Сколько таких Мить вокруг! Революция молода. Она принадлежит молодым и совершена для молодых. И об этом нельзя забывать. Надо привлечь в Наркомпрод революционную молодежь. Конечно, с образованием. Опыта нет? Зато им можно доверять. А опыт — дело наживное. Пойти в районы, в заводские комитеты, в институты: «Дайте крепких толковых ребят, которых можно быстро научить». Вот тогда мы посмотрим, господа коллежские советники! Вы еще будете проситься на работу!.. И вообще!.. Что-то вы, уважаемый товарищ, растерялись! Надо спокойно во всем разобраться. Прежде всего накормить Питер и армию. Две конкретные задачи. С них и начинайте. И, пожалуйста, без паники. Не поддаваться настроениям... Это прежде всего...
Александр Дмитриевич обернулся и оглядел собравшихся в кабинете товарищей. Все они тоже, кажется, были растеряны. Но ведь они вправе ждать, что именно он, Цюрупа, первым возьмет себя в руки и найдет решение, нащупает правильный путь. А уж они свою часть работы выполнят — на них положиться можно.
Вот у стола, выжидательно скрестив руки, стоит Брюханов. Серьезный, решительный человек. В свои сорок — уже старый партиец, в революционном движении с восемнадцати лет, большевик с тех самых пор, как существует это слово, участник Лондонского съезда в седьмом году, недавний председатель Уфимского Совета рабочих депутатов. Друг еще по Уфе, по всем тамошним комитетам, вместе дрались против эсеров и меньшевиков, вместе ставили Советскую власть. Но, несмотря на это, ладить с ним трудновато: у него всегда и на все свой собственный взгляд, свое мнение, он тверд, прям и упрям. Уж если заберет что в голову, если убежден, переломить его невозможно.

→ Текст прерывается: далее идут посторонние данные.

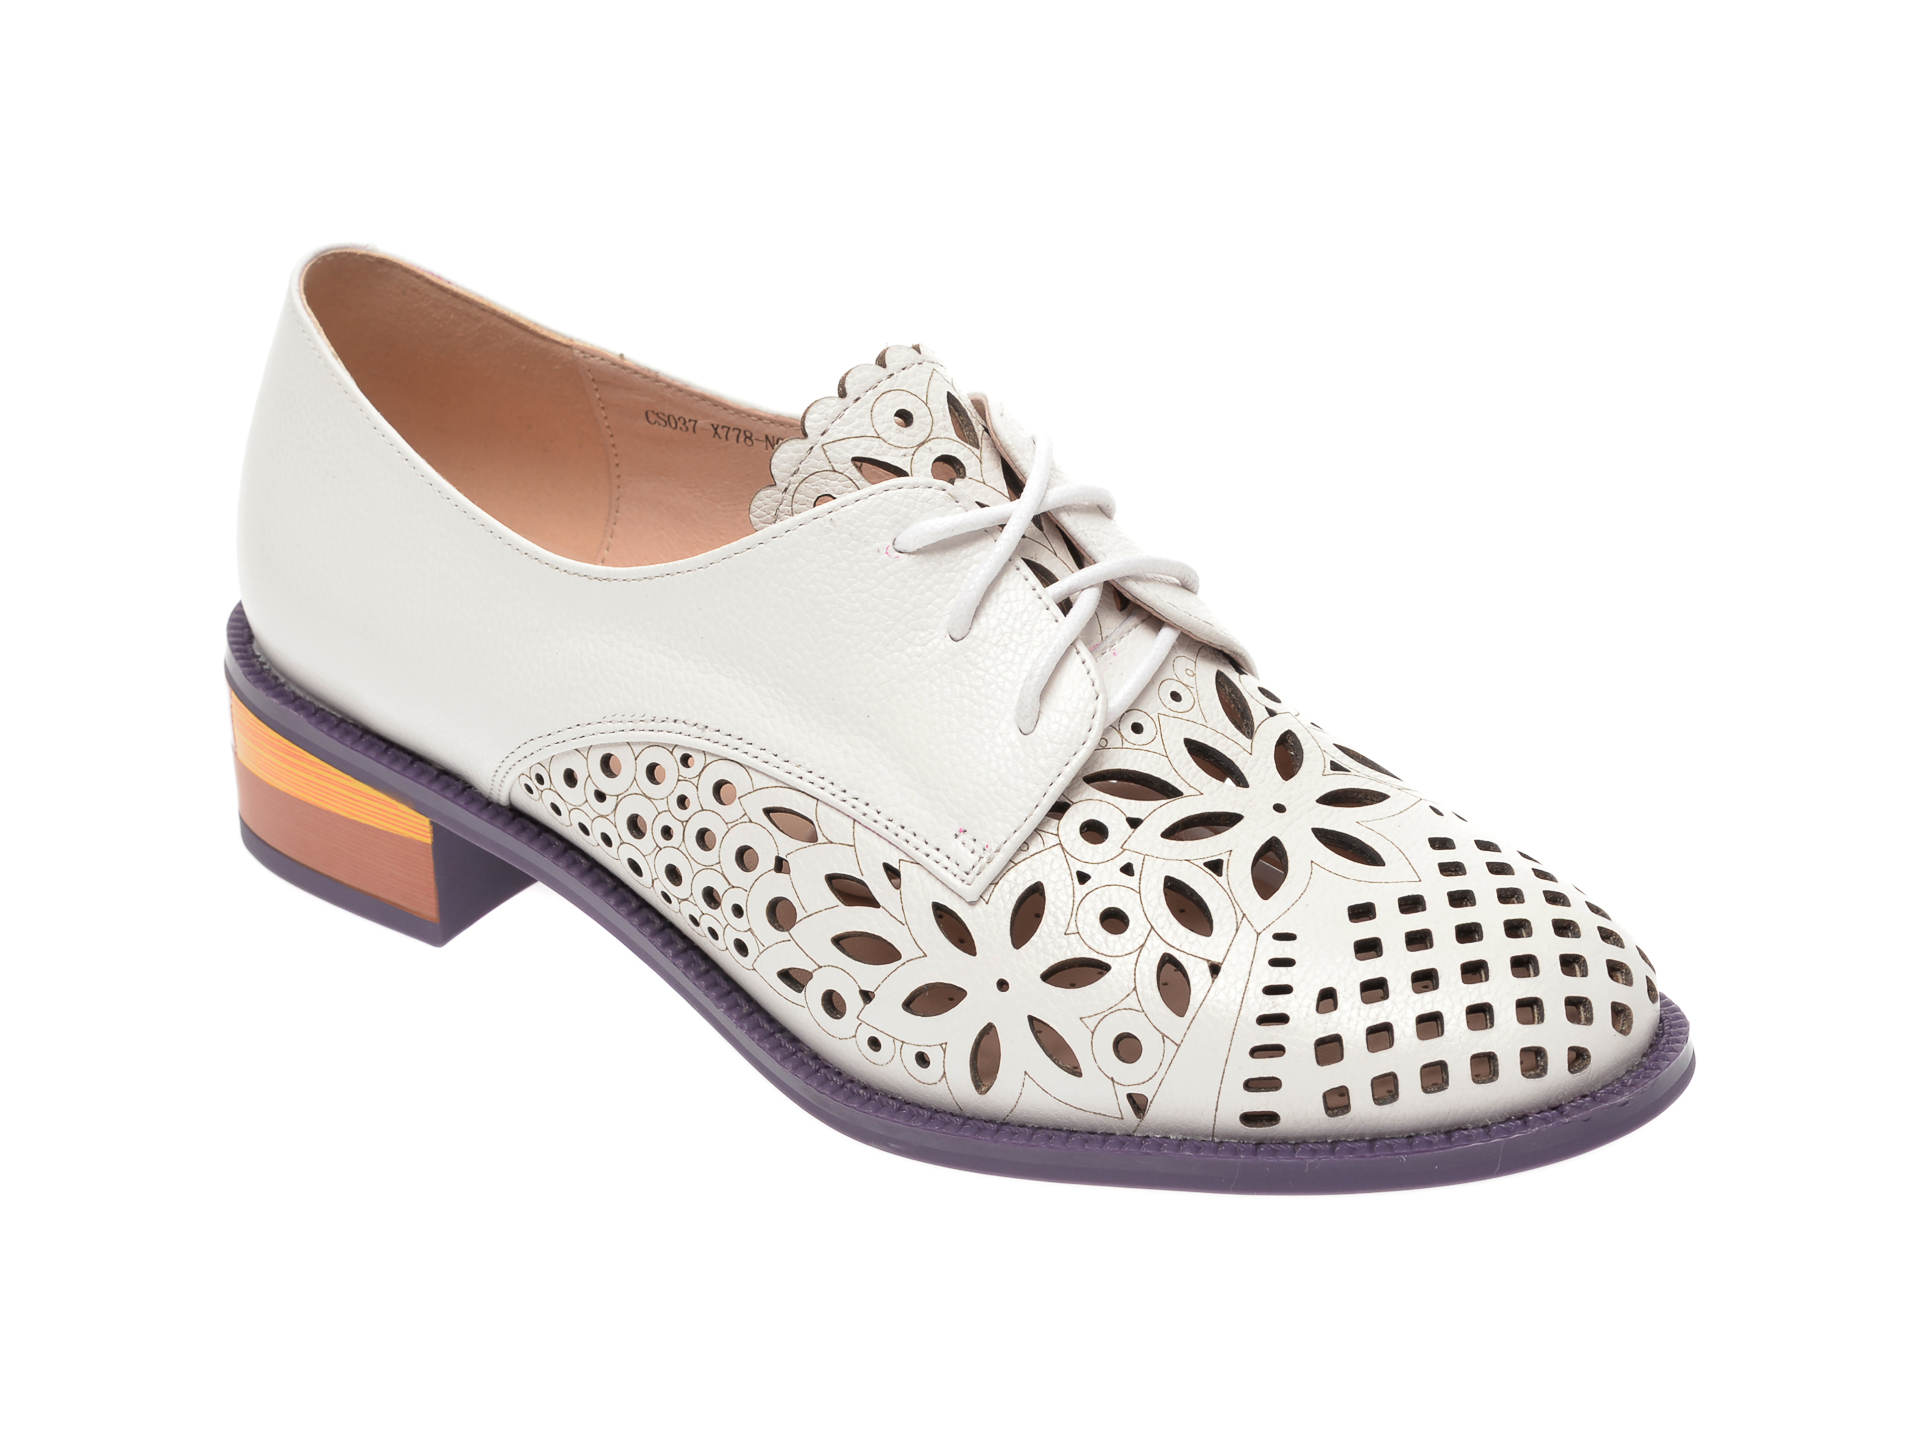 Pantofi IMAGE albi, CS037X7, din piele naturala imagine
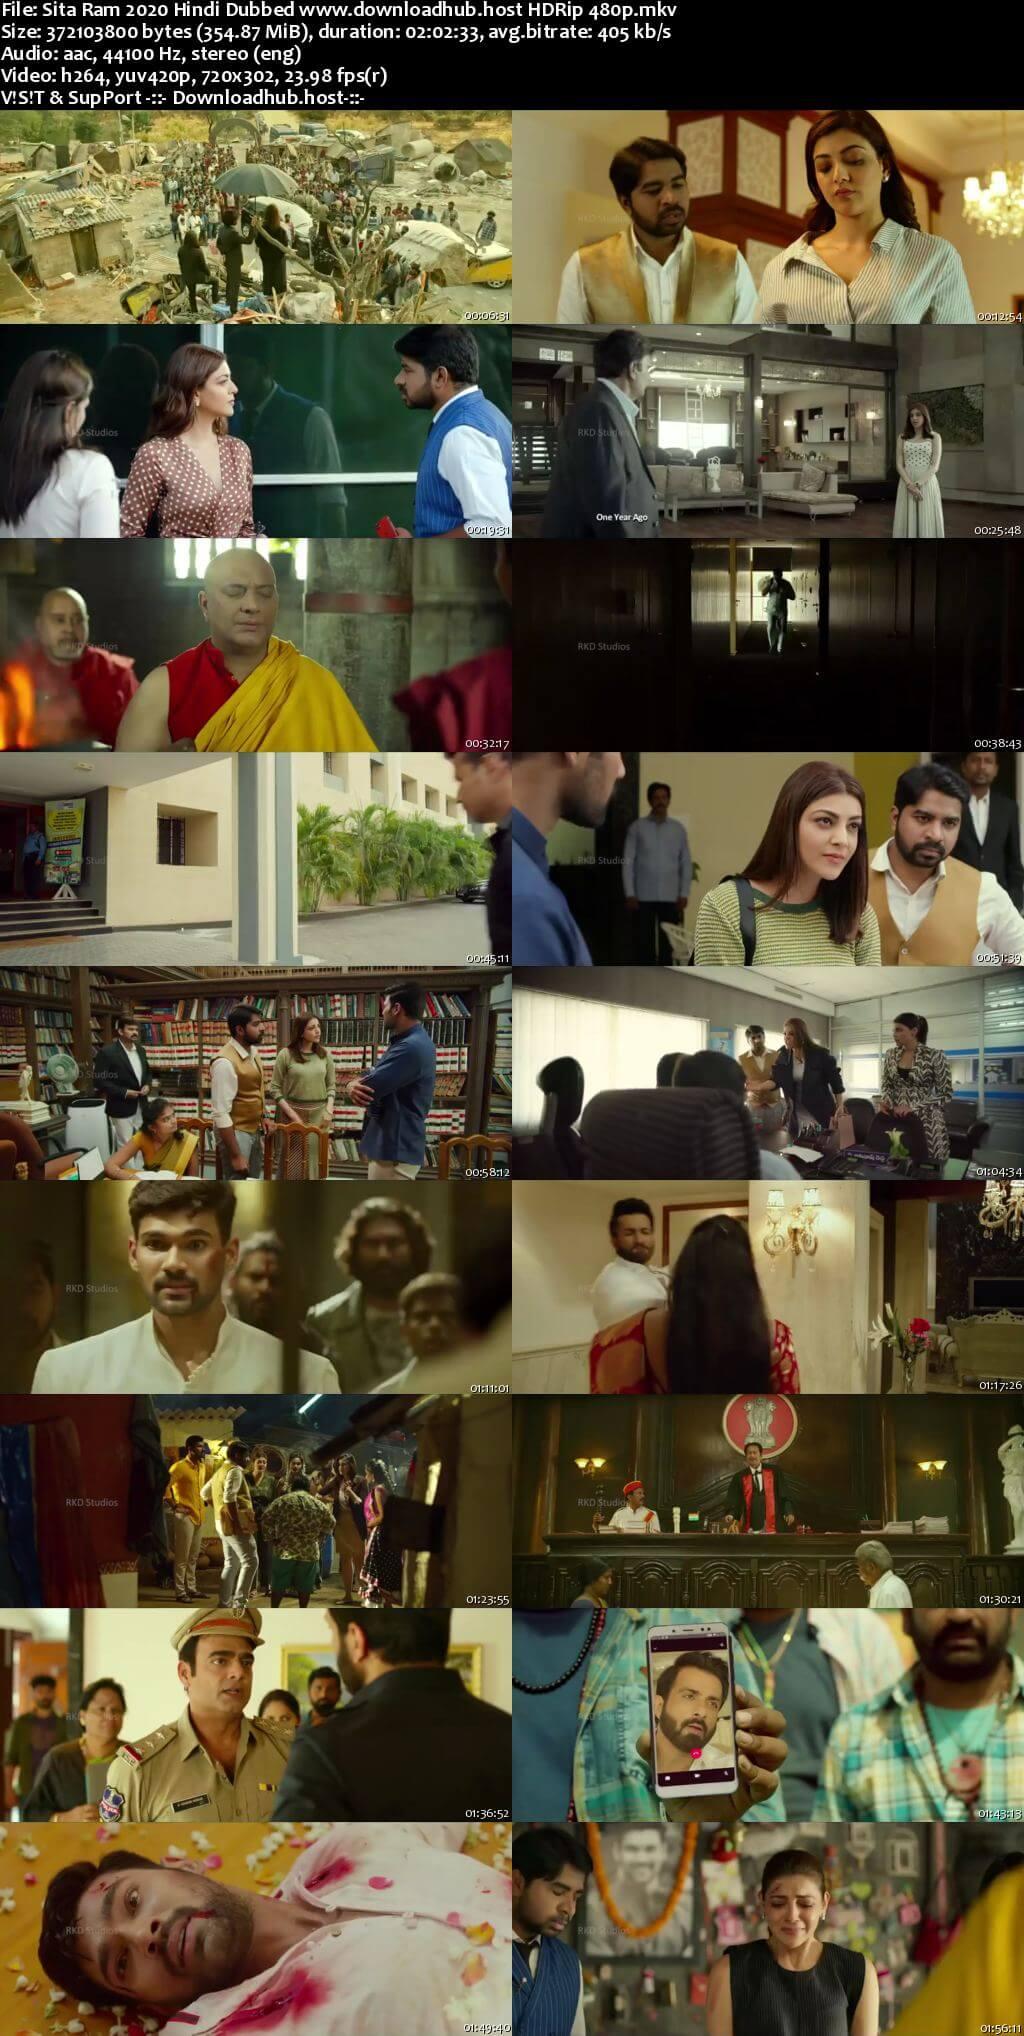 Sita Ram 2020 Hindi Dubbed 350MB HDRip 480p

Ну и что ж? Это как раз и хорошо! Не даст зарваться, соскользнуть с прямого пути. Хорошо, что такой человек будет рядом.
Со Свидерским тоже не один пуд соли съеден: вместе работали в Уфе, вместе тянули непереносимо длинные дни ссылки. Умница! Образован, завидно начитан! Хороший литератор! И практик. А в партии социал-демократов еще раньше Брюханова: был связан с Петербургским союзом борьбы; ссылок и тюрем повидал без счета, а все такой же неунывающий, порывистый, веселый, как в юности. Сейчас сядет на стул против Брюханова и обязательно уронит с письменного стола пресс-папье. Ну вот!.. Все как по нотам! Смущенно вскакивает, поднимает, ставит пресс- папье на место и роняет бронзовую карандашницу. Неловкость Алексея Ивановича давно стала мишенью товарищеского острословия, темой для анекдотов. Но он не обижается. Да и куда девается вся его неловкость, когда он берется за настоящее дело! Милый, очень близкий человек!..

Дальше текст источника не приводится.